Exercise goal:
A verbatim transcript of the data below is required, images omitted.

(Data records)
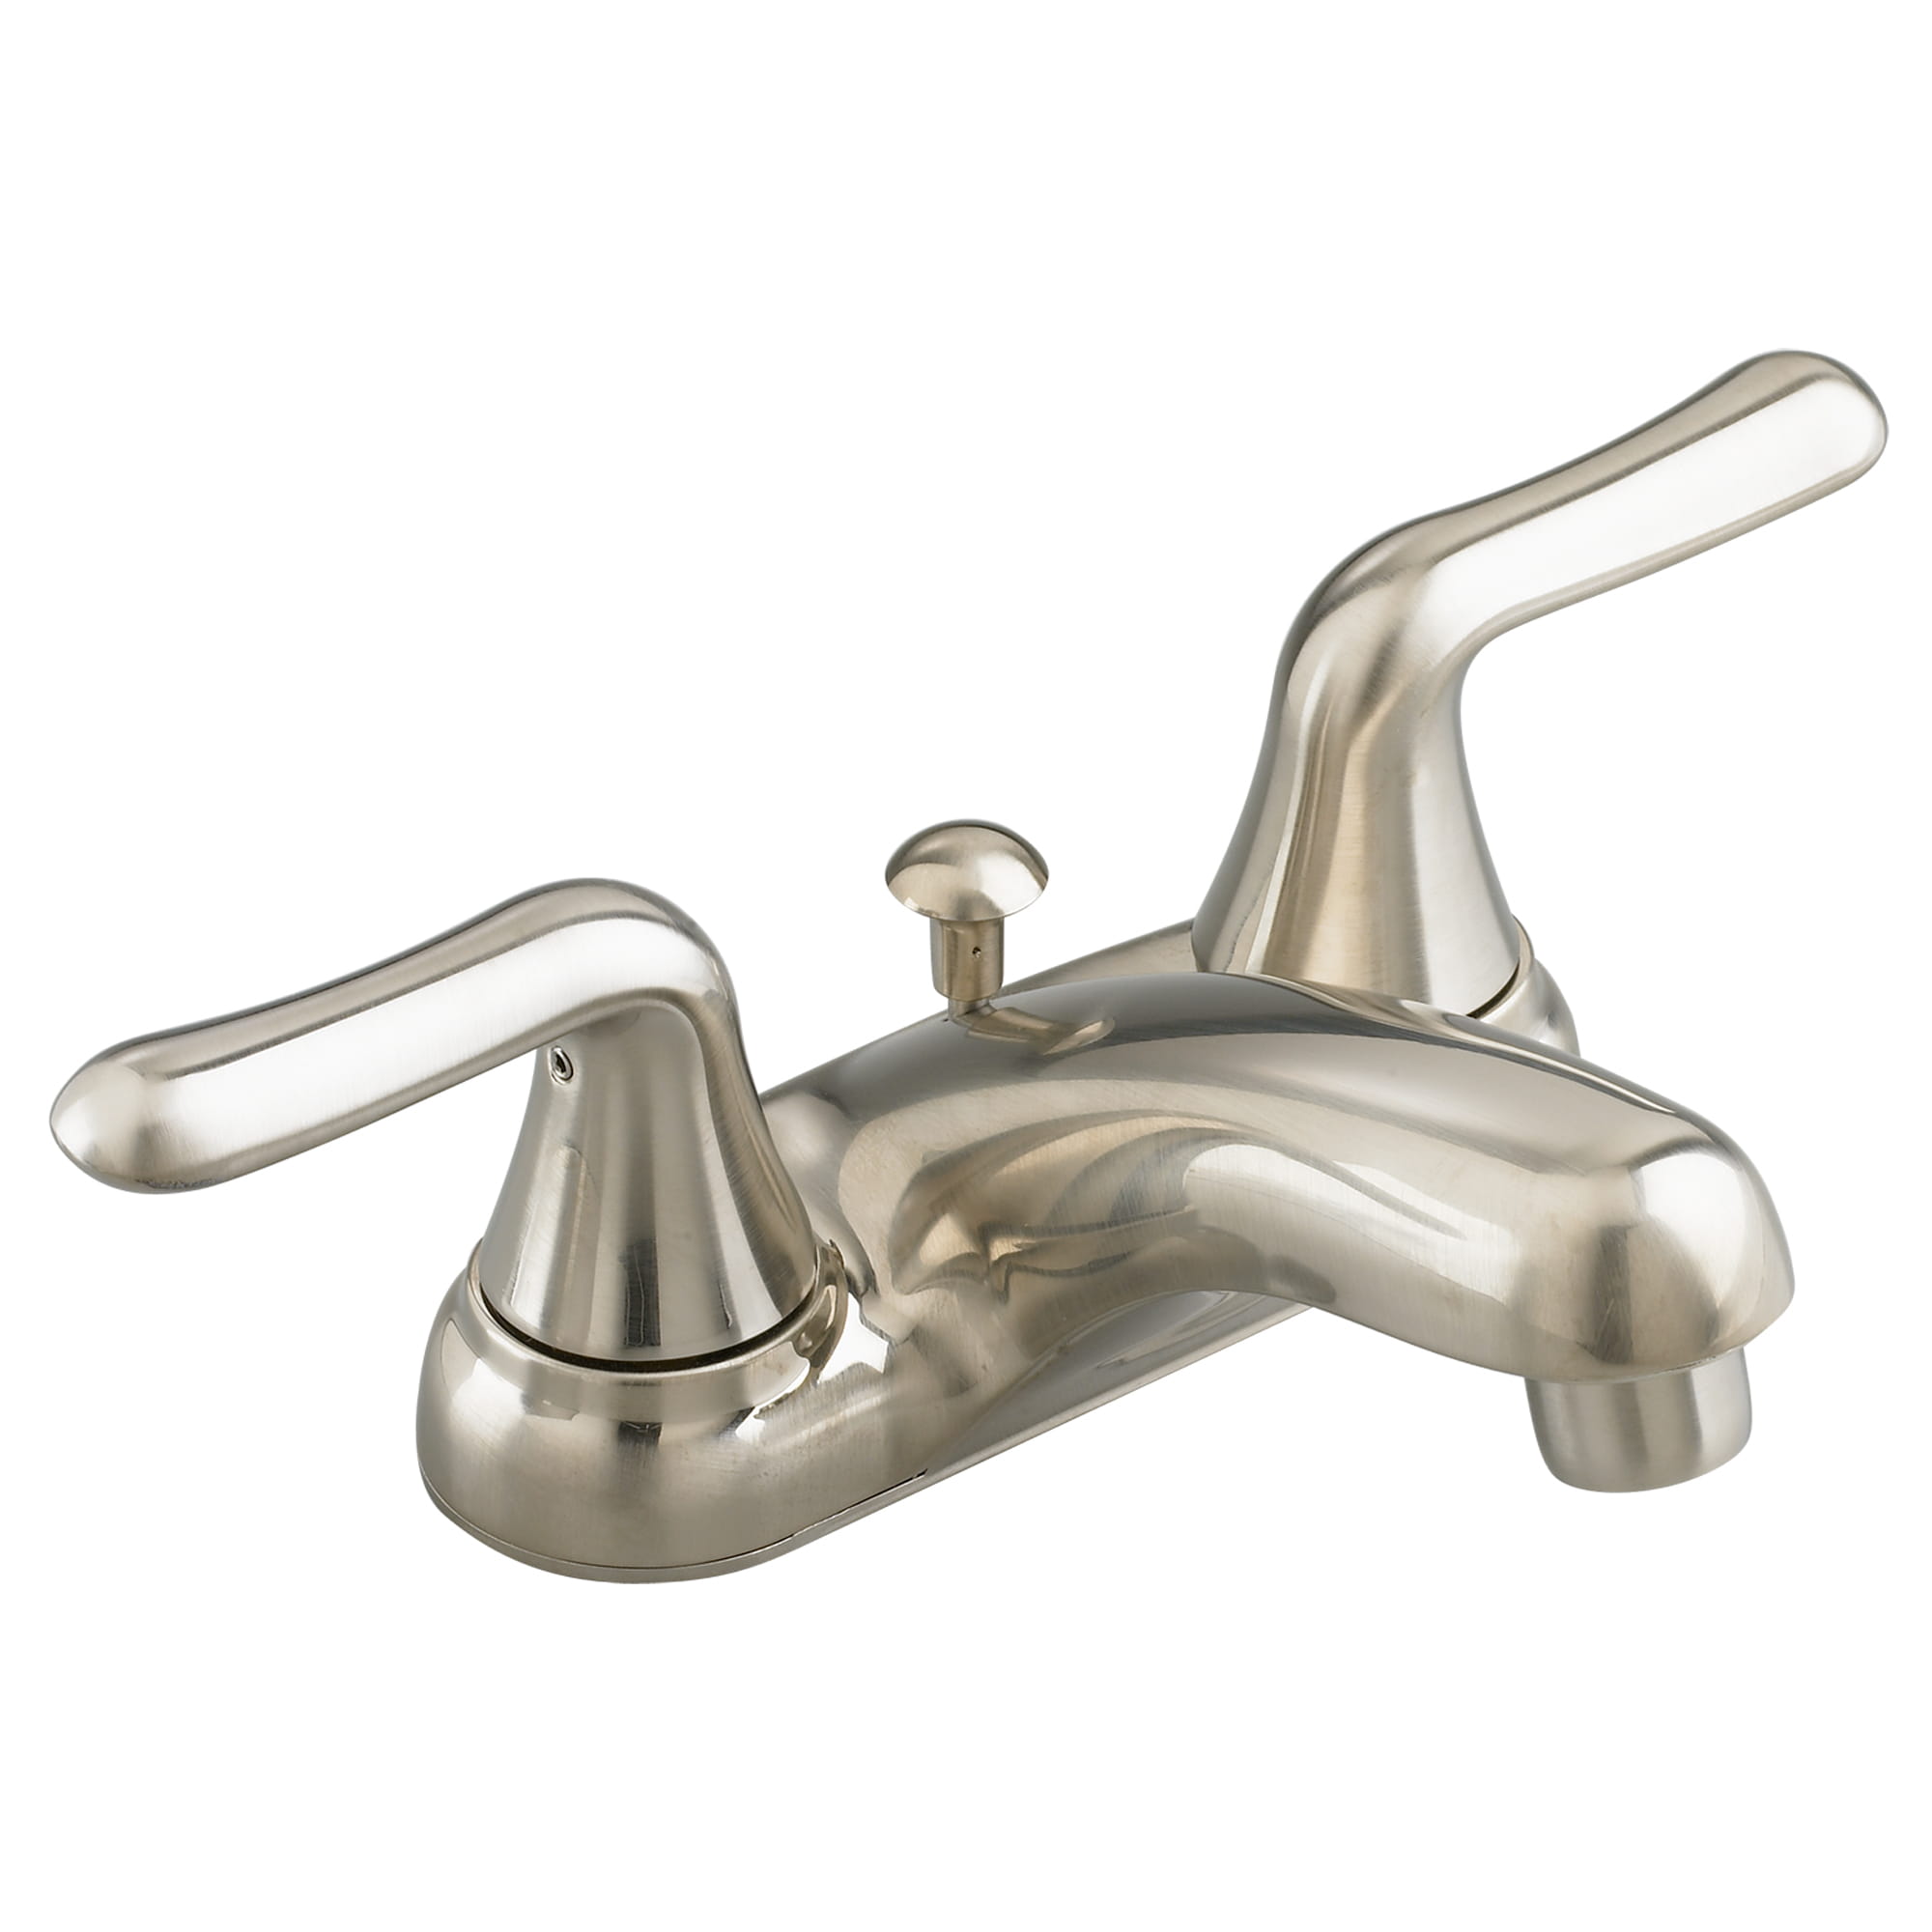 Colony Soft 4 Inch Centerset 2 Handle Bathroom Faucet 12 gpm 45 L min With Lever Handles   BRUSHED NICKEL
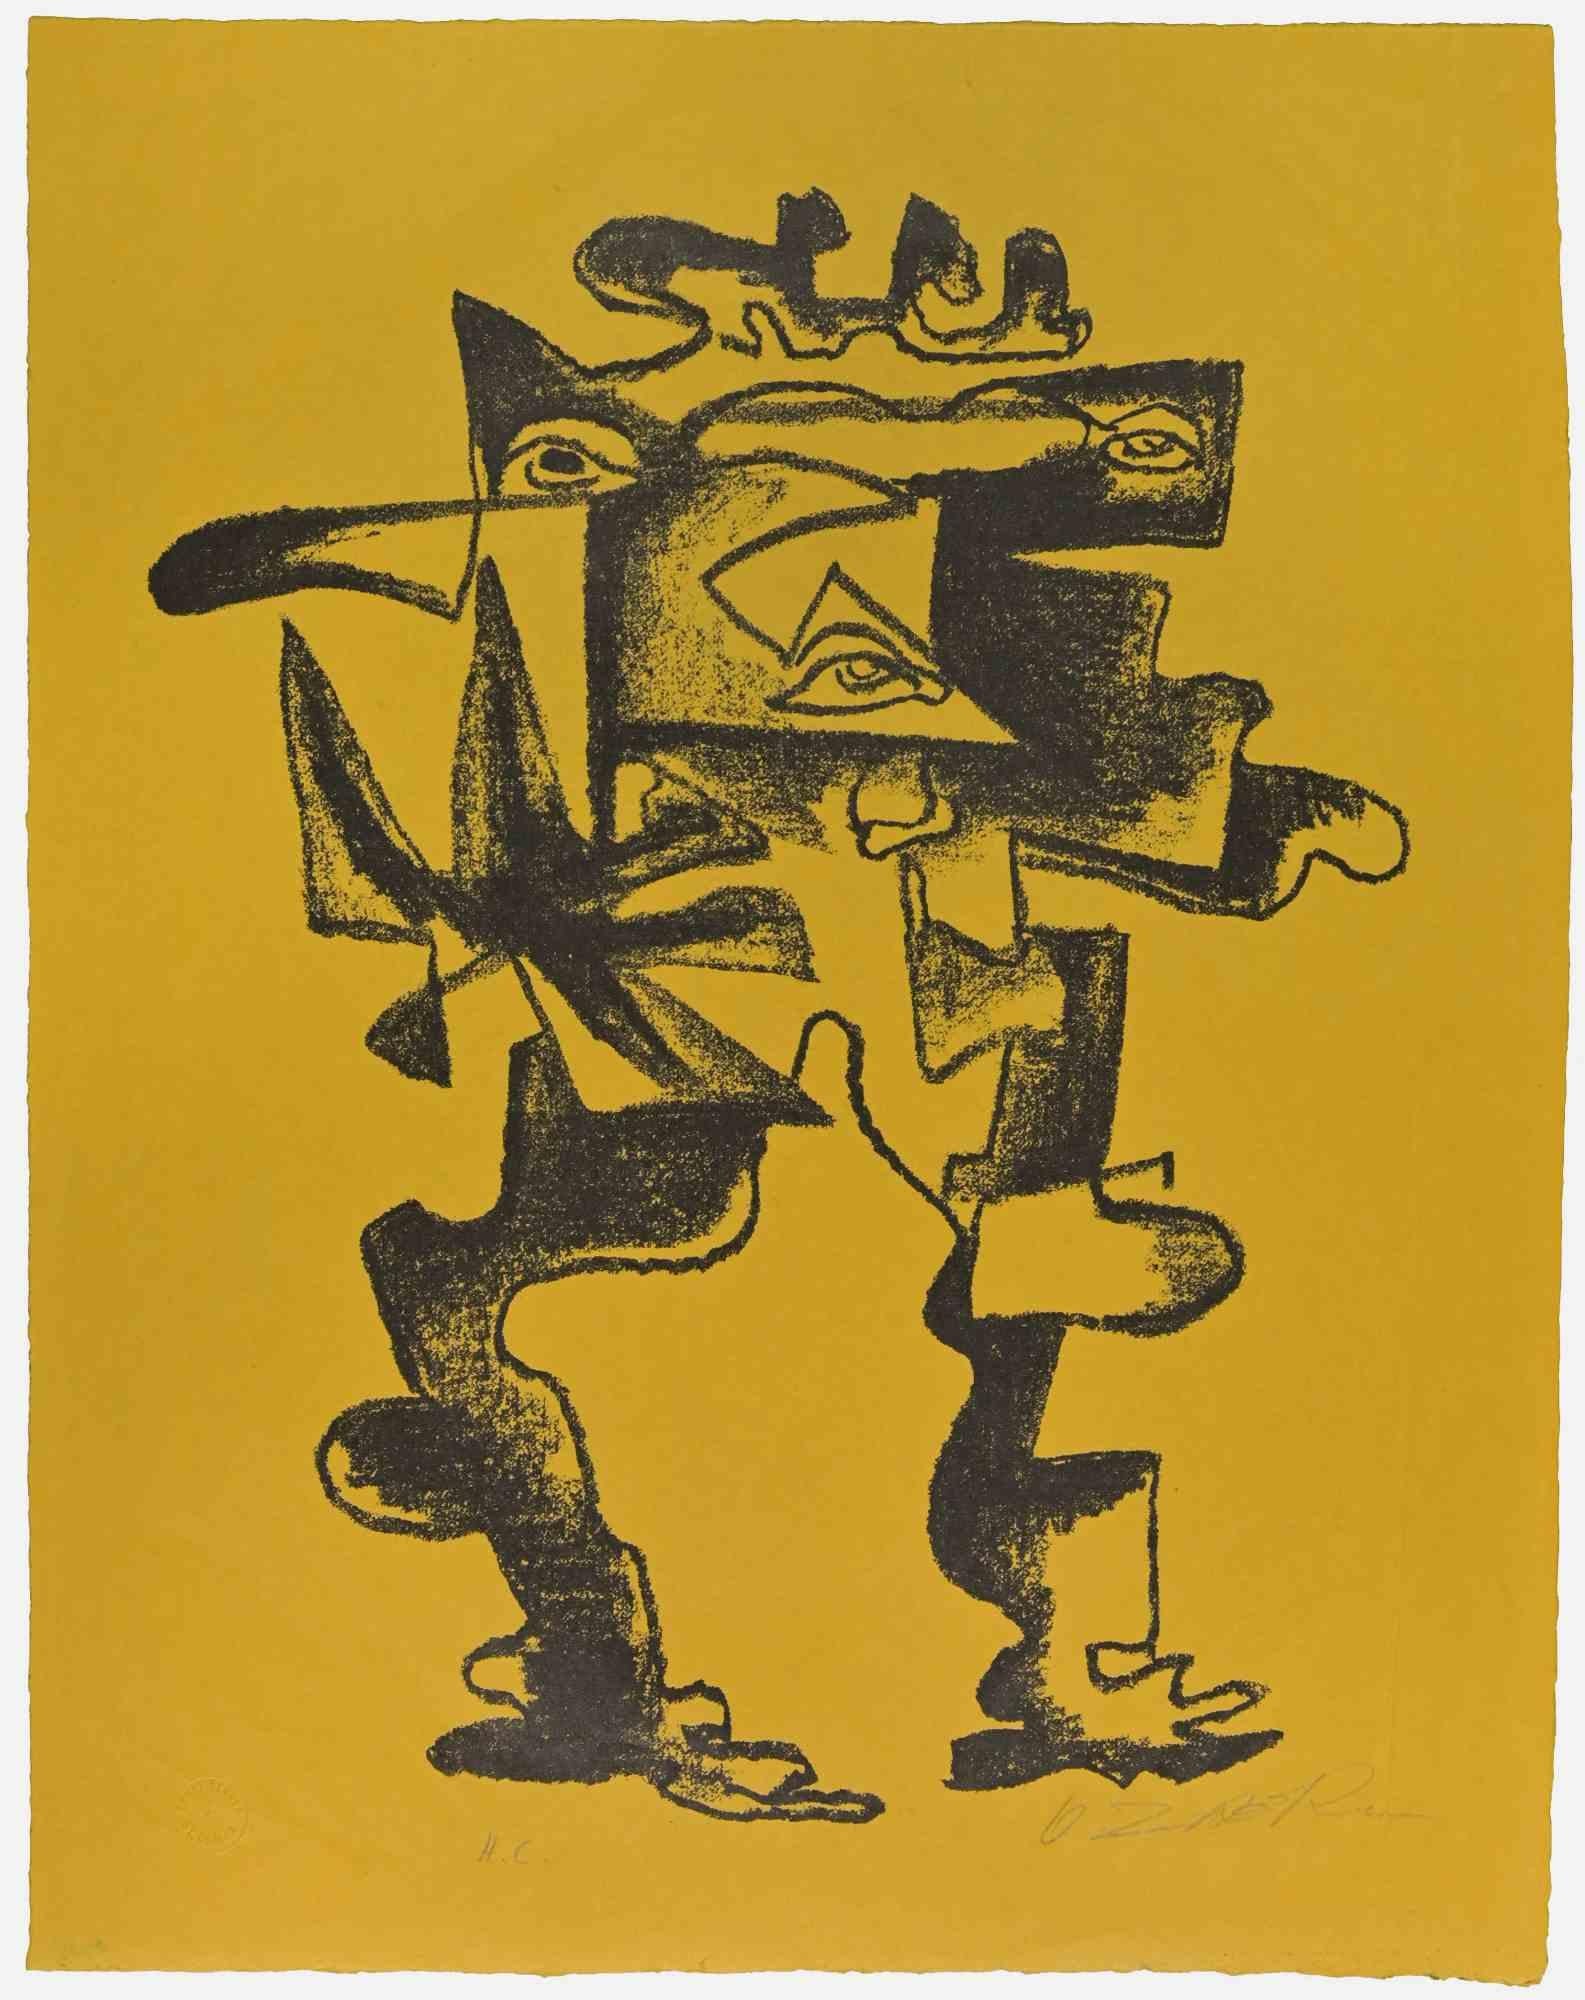 Untitled is an artwork realized by Ossip Zadkine (1890-1967).

Lithograph, 51x39.5 cm. 

Signed and numbered (Exemplary H.C.) in pencil on the front.

Blind stamp Erker Presse St. Gallen.

Bibliography: Catalog Raisonné N.169

Ossip Zadkine,

Output below:
 Colony Soft 4 Inch Centerset 2 Handle Bathroom Faucet 12 gpm 45 L min With Lever Handles   BRUSHED NICKEL
 Untitled is an artwork realized by Ossip Zadkine (1890-1967).

Lithograph, 51x39.5 cm. 

Signed and numbered (Exemplary H.C.) in pencil on the front.

Blind stamp Erker Presse St. Gallen.

Bibliography: Catalog Raisonné N.169

Ossip Zadkine,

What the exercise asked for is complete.